◆ EXERCISE GOAL ◆
Which lines of the entries below run from the one holding "José Carlos Gonzáles" to the one holding "В этом видео", inclusive? Set down exactly those lines and no others.

RECORDS FOR THIS EXERCISE Block Start

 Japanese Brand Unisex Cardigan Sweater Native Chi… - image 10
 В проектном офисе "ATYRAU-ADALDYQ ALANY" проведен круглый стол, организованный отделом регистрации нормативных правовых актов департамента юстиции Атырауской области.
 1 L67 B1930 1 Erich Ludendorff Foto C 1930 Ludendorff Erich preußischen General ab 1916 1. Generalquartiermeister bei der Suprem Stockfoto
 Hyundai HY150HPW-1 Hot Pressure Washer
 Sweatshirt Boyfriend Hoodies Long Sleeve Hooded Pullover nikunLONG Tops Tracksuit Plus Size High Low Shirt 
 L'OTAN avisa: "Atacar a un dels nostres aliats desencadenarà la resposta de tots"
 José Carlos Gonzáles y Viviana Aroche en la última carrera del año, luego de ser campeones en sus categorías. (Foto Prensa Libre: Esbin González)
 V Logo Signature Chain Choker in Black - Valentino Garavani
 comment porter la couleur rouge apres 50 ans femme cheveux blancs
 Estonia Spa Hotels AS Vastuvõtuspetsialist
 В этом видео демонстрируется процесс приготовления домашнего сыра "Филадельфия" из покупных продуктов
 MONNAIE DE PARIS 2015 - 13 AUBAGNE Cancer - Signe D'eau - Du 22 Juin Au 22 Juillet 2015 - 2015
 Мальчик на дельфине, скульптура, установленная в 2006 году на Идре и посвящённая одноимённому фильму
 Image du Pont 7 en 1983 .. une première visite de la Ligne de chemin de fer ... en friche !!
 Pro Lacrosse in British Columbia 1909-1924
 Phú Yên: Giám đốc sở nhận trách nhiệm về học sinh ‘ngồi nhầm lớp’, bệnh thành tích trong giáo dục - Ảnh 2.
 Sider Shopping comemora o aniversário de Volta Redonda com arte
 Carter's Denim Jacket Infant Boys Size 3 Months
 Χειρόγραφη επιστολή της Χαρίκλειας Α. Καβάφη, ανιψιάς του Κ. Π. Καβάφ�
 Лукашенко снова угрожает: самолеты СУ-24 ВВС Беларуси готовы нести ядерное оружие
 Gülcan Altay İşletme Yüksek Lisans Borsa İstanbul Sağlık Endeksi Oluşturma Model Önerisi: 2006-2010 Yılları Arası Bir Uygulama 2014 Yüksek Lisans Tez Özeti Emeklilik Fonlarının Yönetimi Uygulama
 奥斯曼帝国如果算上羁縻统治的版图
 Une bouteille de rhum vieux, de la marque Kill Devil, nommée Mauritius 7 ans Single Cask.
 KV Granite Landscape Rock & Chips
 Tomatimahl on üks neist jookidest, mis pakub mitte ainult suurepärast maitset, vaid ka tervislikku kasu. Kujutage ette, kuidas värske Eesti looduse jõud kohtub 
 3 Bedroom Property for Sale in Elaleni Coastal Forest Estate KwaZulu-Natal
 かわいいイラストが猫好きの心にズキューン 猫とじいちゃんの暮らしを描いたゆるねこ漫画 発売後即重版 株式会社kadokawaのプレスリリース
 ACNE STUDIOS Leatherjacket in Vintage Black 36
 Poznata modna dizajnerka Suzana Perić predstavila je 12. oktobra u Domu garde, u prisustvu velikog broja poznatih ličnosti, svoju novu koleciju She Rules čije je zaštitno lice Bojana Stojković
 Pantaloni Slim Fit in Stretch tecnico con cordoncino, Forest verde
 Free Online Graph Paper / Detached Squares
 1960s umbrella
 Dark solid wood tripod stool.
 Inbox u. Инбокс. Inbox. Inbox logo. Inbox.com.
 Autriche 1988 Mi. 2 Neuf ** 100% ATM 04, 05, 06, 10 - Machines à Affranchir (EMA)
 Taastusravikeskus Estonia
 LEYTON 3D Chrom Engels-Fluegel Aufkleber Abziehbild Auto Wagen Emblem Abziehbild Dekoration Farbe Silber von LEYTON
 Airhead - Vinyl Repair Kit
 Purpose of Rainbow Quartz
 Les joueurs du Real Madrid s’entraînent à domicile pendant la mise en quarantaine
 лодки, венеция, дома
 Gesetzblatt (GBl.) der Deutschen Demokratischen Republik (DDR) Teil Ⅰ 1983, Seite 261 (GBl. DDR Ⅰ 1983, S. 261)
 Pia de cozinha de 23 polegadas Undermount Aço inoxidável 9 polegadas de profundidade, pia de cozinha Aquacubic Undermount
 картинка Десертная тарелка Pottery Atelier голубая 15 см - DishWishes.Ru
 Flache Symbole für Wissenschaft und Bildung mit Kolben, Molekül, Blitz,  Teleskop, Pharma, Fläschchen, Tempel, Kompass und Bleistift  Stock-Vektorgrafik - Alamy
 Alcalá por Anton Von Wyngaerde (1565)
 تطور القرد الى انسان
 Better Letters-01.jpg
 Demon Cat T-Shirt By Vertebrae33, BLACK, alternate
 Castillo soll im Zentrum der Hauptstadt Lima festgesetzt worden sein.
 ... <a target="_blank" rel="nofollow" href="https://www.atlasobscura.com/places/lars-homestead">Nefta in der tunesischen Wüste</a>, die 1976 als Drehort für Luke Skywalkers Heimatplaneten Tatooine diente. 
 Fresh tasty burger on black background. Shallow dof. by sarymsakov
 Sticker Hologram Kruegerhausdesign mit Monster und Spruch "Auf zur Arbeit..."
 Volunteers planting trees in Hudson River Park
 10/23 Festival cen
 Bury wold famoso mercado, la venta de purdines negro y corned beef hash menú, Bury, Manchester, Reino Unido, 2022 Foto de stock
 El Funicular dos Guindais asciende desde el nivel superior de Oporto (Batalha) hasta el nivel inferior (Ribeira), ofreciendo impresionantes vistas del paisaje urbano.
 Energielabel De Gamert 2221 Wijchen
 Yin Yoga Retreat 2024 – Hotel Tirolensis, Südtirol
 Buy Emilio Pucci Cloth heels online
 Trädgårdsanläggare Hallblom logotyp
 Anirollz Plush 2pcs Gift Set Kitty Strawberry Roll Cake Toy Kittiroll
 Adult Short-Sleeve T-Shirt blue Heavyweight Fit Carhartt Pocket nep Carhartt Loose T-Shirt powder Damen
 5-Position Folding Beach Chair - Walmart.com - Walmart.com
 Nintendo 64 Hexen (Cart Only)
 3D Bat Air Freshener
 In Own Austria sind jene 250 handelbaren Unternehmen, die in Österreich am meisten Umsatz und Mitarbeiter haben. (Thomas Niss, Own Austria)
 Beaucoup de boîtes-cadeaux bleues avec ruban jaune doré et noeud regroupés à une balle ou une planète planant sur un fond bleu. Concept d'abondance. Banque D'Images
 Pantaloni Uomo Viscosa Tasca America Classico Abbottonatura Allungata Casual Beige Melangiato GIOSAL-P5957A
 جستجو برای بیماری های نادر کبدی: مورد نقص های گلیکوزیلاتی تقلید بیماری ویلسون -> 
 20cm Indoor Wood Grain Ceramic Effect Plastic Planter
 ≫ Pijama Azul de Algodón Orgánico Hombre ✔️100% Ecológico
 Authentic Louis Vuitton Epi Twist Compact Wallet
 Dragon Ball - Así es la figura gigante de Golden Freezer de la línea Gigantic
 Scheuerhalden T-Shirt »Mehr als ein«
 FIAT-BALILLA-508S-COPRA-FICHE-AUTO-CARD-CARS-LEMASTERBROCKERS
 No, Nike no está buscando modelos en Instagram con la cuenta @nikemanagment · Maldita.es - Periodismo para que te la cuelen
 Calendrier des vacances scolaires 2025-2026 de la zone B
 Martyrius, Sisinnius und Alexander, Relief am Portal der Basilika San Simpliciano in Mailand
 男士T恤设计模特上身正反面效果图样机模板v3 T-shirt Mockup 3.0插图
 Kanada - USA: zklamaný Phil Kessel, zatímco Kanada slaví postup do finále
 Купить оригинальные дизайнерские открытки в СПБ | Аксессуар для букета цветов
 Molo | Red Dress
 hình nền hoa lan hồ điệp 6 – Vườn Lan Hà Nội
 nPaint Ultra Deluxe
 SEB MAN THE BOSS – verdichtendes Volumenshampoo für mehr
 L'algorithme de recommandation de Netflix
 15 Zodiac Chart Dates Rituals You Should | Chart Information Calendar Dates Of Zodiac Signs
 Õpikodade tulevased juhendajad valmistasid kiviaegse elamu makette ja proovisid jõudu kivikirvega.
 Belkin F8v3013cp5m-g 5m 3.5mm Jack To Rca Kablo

RECORDS FOR THIS EXERCISE Block End

◆ ANSWER FOR THIS EXERCISE ◆
 José Carlos Gonzáles y Viviana Aroche en la última carrera del año, luego de ser campeones en sus categorías. (Foto Prensa Libre: Esbin González)
 V Logo Signature Chain Choker in Black - Valentino Garavani
 comment porter la couleur rouge apres 50 ans femme cheveux blancs
 Estonia Spa Hotels AS Vastuvõtuspetsialist
 В этом видео демонстрируется процесс приготовления домашнего сыра "Филадельфия" из покупных продуктов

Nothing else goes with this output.